Should I use organic or chemical fertilizers?
Jun 12th 2013
Garden centers and home improvement stores offer many brands and varieties of fertilizer. Traditionally, fertilizers have been processed to isolate, extract, and refine the actual fertilizer. These chemicals and nutrients are then combined with other particles to form fertilizer that is used in landscaping and gardening.
Organic fertilizers are generally the same chemicals and elements, but are minimally processed and packaged in their original form. For example, an organic fertilizer that contains nitrogen, phosphate, and calcium may contain mostly manure — which has these elements naturally. A chemical fertilizer contains the same elements, but they have been chemically and mechanically processed.

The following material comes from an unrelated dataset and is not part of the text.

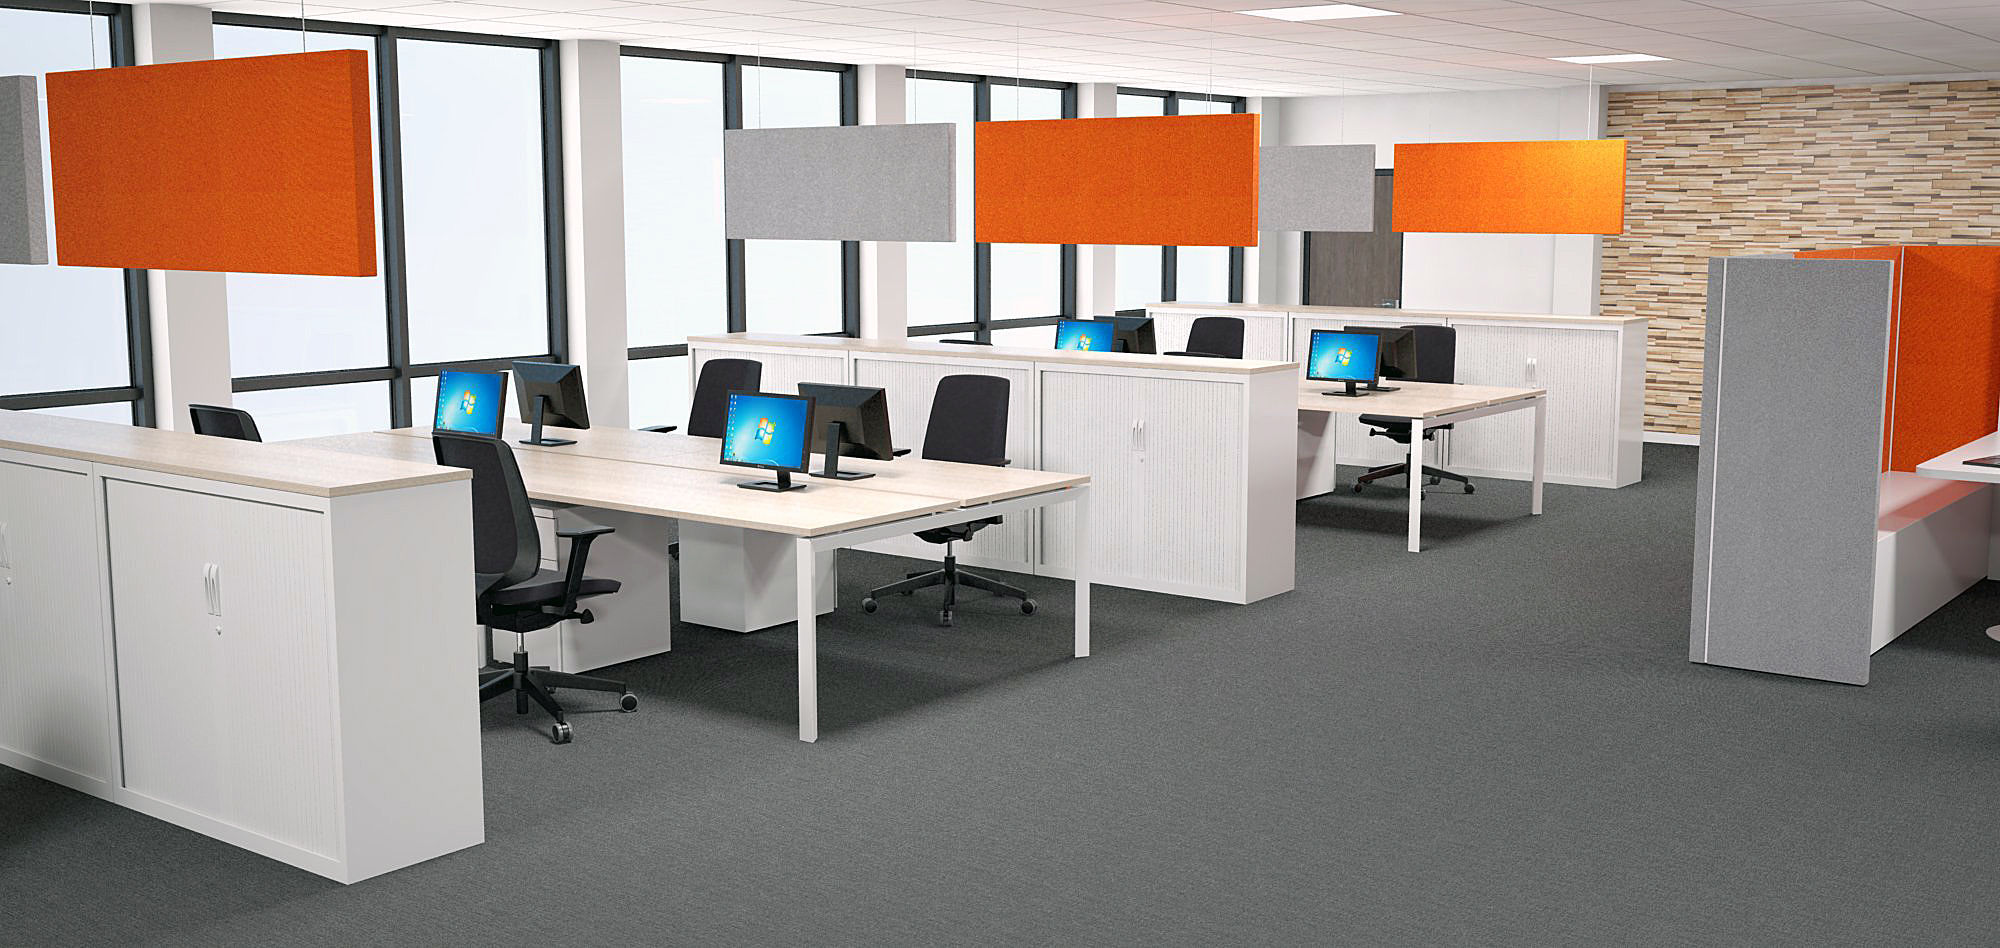 Relativ Hängende Trennwand / Stoff / Büro / Akustik - CAPSOUND - Espace HV75

Advantages of Organic Fertilizer:
- As organic fertilizers break down, they improve the ability of your soil to hold water
- They break down slowly, so over fertilizing is usually not a problem
- There are many ways to make your own organic fertilizer using composted manure
Disadvantages of Organic Fertilizer:
- Organic fertilizers don’t work as well in the winter and during droughts.
- Nutrient amounts are not exact, and generally less than that of chemical fertilizers
- Organic fertilizers work slowly – they rely on nature to work, and can take longer than chemical fertilizers.
If making sure you’re doing your part in keeping chemicals out of the earth, organic fertilizers are the way to go. But using chemical fertilizers sparingly can help maintain your lawn and garden year round and during times when your lawn or plants need an extra boost to make it through a difficult season.